My moment was when my perfectly hair-bowed and uniform-ironed (once a year, friends) 2-year old refused school pictures at her preschool. When the picture proofs came back, I emailed the school letting them know that our daughter’s shots were missing. And I quote,  “She didn’t want to sit for a picture and we tried to talk her into it, but we didn’t want to make her mad.”  Two. Years. Old. Don’t get me wrong, I’m glad they didn’t force her and I felt inappropriately vindicated that her refusals strike fear in school officials as well as me, but WOW. And even though I’m exhausted and constantly worried I’m parenting this little spitfire in all the wrong ways, I keep at it because I know these qualities that currently bend my wine budget will no doubt result in a strong, independent and amazing woman.
 
So, little rebel, you have to start following directions and listening (let’s shoot for 50% of the time to start?) and it would be awesome if getting dressed everyday wasn’t an Olympic event, but please don’t ever change.
 
You will probably stay rear-facing in your car set until you are 5, not only because it’s the safest, but because I fear your radio station wrath, which will undoubtedly get worse once you can boss me around face to face. “No!  No like that song! TURN IT!” you scream at a volume equal to the actual radio. But you know what?  You have great taste in music and usually choose songs we both love.  I hope this means when it’s time for you to swoon over your generation’s NKOTB you don’t forget how much you love Lady Gaga, the Beatles, and Bob Marley. Your opinions are strong and unwavering (where ever did this trait come from?) but if indulging your music demands in the car means you will never settle for less than what you really want, then I’m all in. Don’t ever change, my opinionated one.
 
Not going to lie, one of my least favorite things is your refusal to hug/kiss/hold my hand when requested.  I’ve learned quickly that forcing you will only make both of us miserable and also probably cause a huge kidnapper-esque scene in the Trader Joe’s parking lot. But you know what?  Nothing would make me happier than to see you in 10 years refusing an unwanted kiss from a classmate or throwing yourself on the ground because someone tried to hold your  hand without permission. Your body is your own and nobody else’s (even Mommy’s…and that’s hard for me), so thanks for reminding me. Don’t ever change, my defiant one.
 
As much as you love to scream and answer “no” to every one of my requests, you very rarely receive or accept “no” as a directive. To you, “no” is merely a jumping off point for negotiation. You already know that the path to a “yes” is often cluttered with nos.
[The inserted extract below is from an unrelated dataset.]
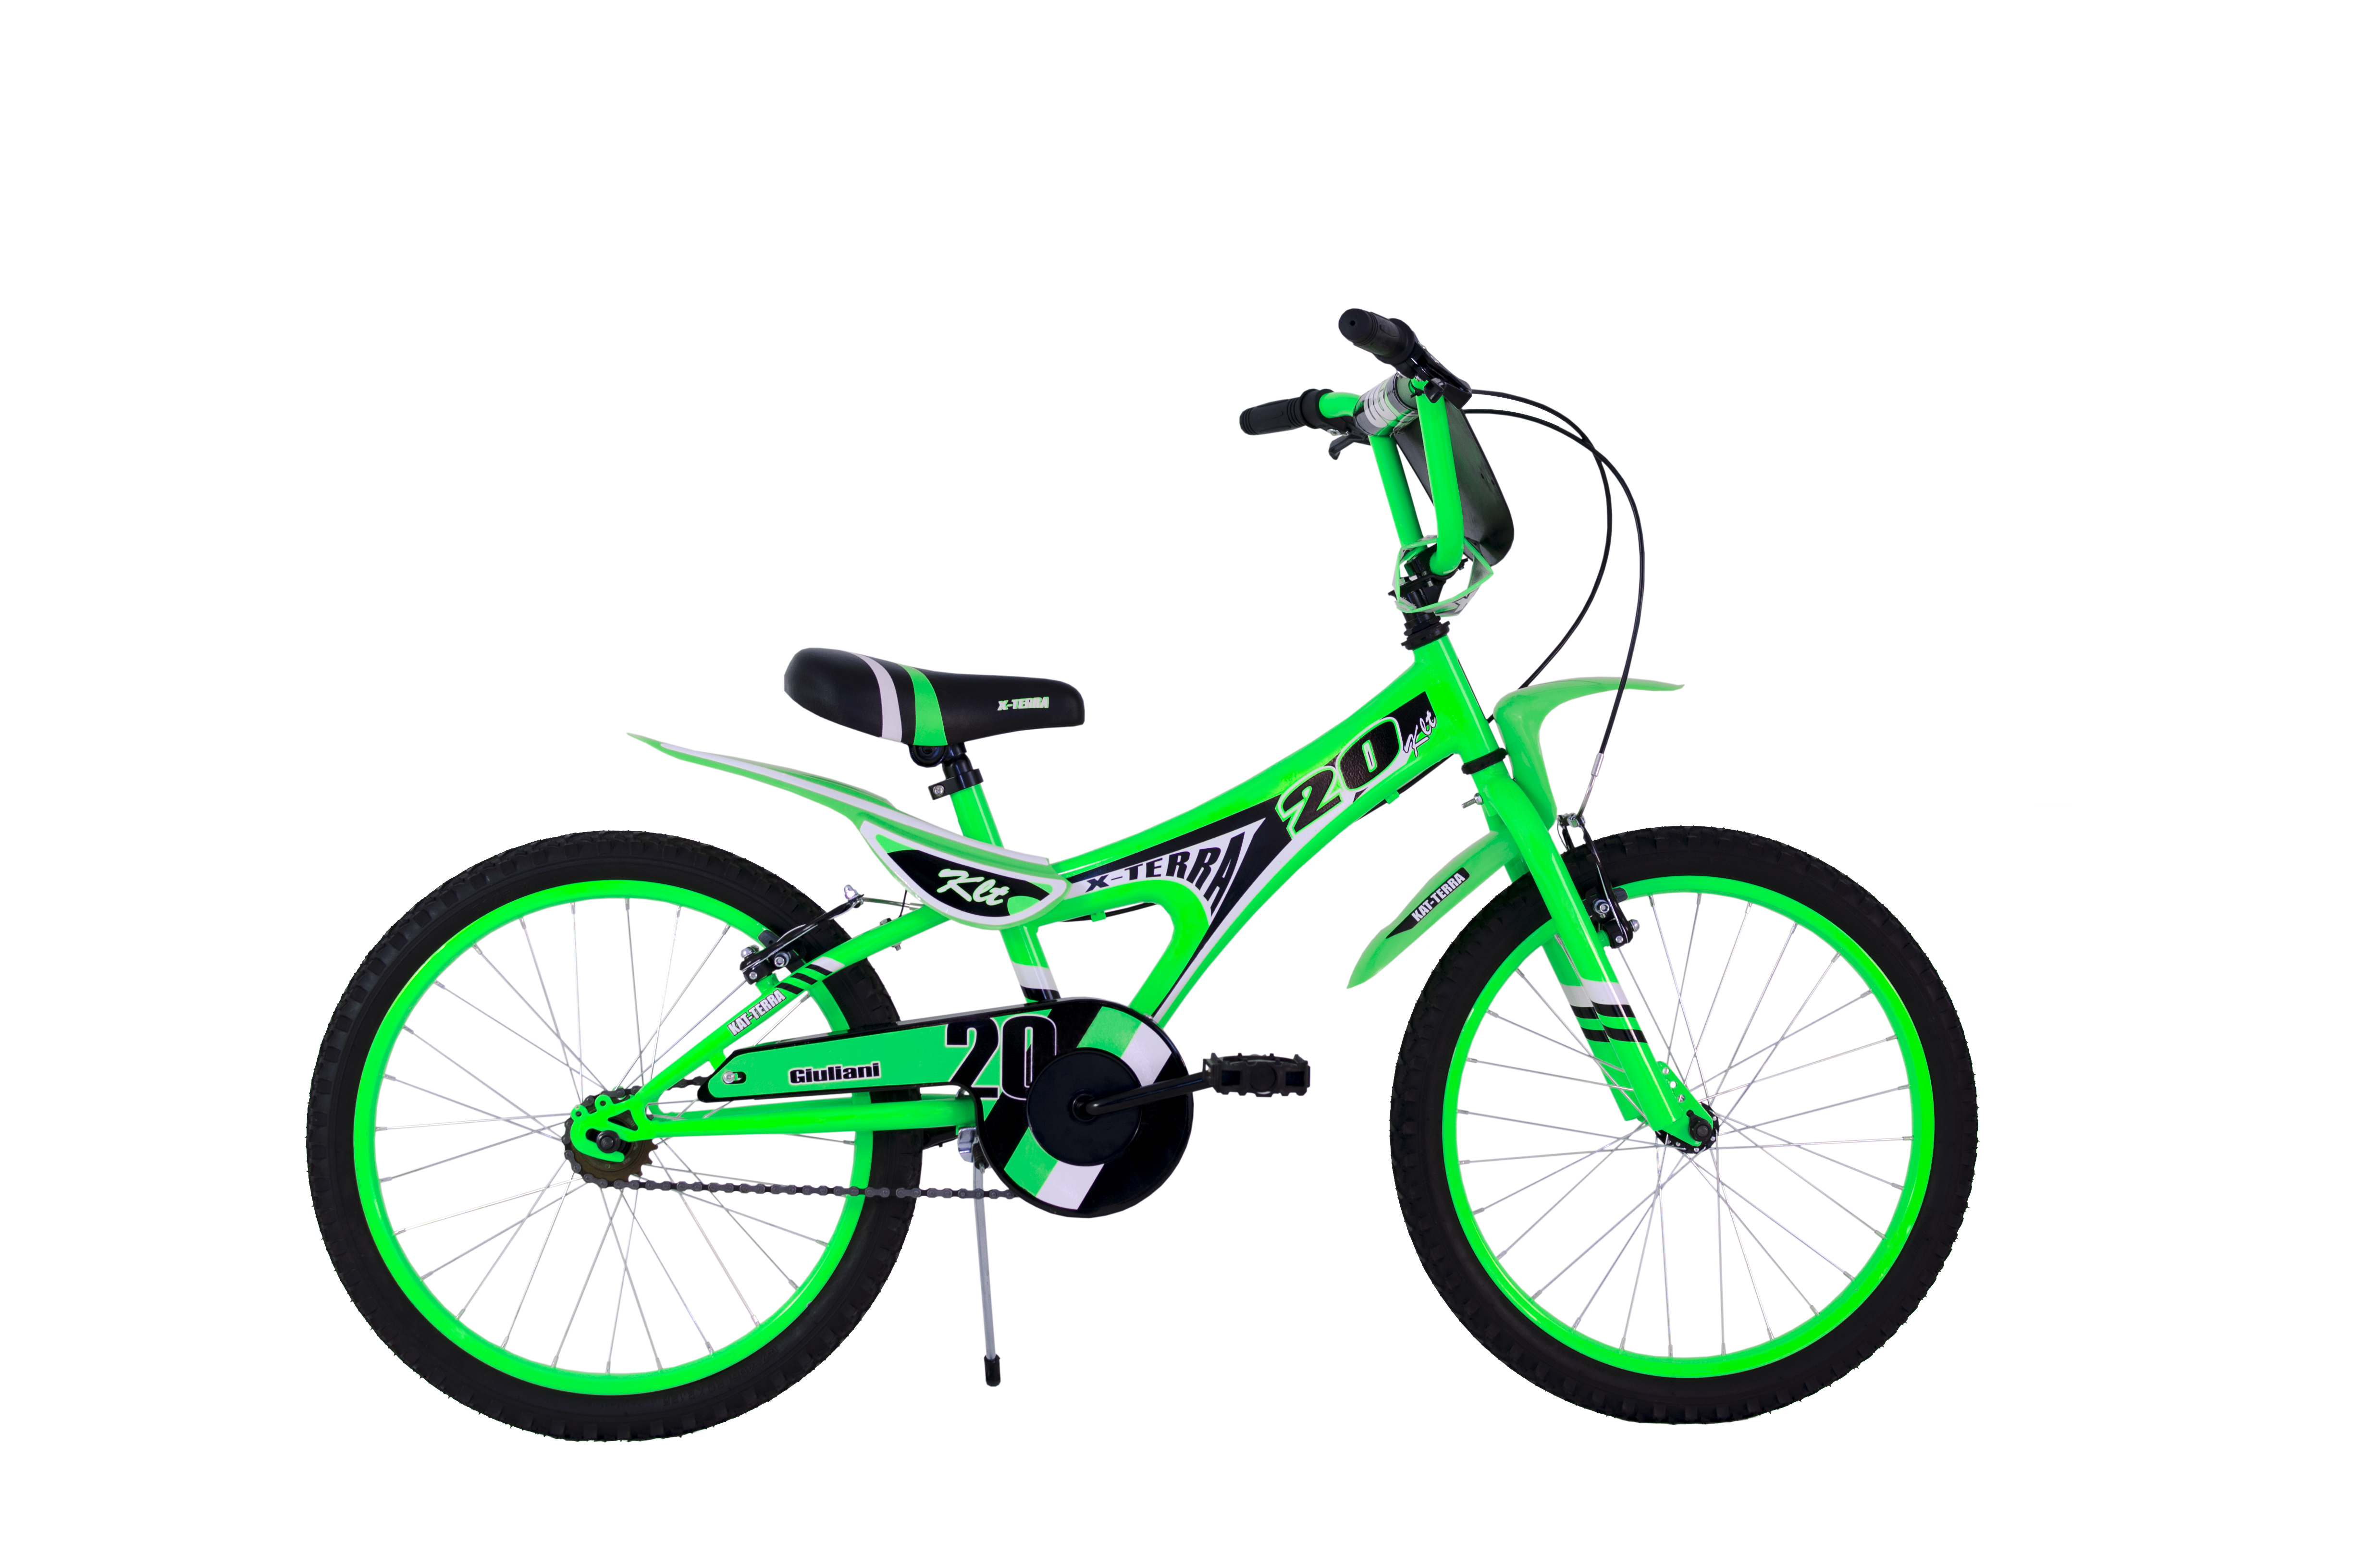 67050fff8 Bicicleta Cross KLT R-20

I’ve seen you work a room of strangers until you find someone who will follow you to the pantry/hold your baby doll/turn on the TV.  This skill (clearly gifted from your other mom) makes steam come out of my ears on the daily. But you know what? I also picture you protesting a grade on a paper or making your case for a raise, and I smile. I will gladly waste spend 10 minutes trying to talk you into a puzzle with less pieces if it means you are better prepared to only accept the answer you want.  Don’t ever change, my little negotiator.
 
My rebel girl, I’ve spent way too much time wondering if our clashes are “normal” or if you are pushing my buttons on purpose. I’ve never once used the word “obedient” or “rule follower” and I’m constantly trying to put a positive spin on “bossy,” but I’m almost at acceptance. And to hear that you “struggle with following directions” at your parent/teacher conference, I feel confident that it’s not me, it’s definitely you. And I mean that as a compliment, my love, so please don’t ever change.
 
 
 

4 COMMENTS

  1. Oh my Katy! This article resonated so much with me….It felt like I was reading about Declan. May they forever be just as they are….it will serve them well in the long run.

  2. This article could be written about my “spirited”, boss-babe, confident daughter! She’s only 6- Lord help us when the teen years hit!!!!!! We’ve had several teachers tell us that we will never have to worry about her succumbing to peer pressure in the coming years….?

    • Ooh, boss babe. I love it! Hey, they wear us down by nice to know there should be some perks in the future. I always say the same thing…I can’t imagine our daughter being talked into ANYTHING for better or for worse. Thanks for reading!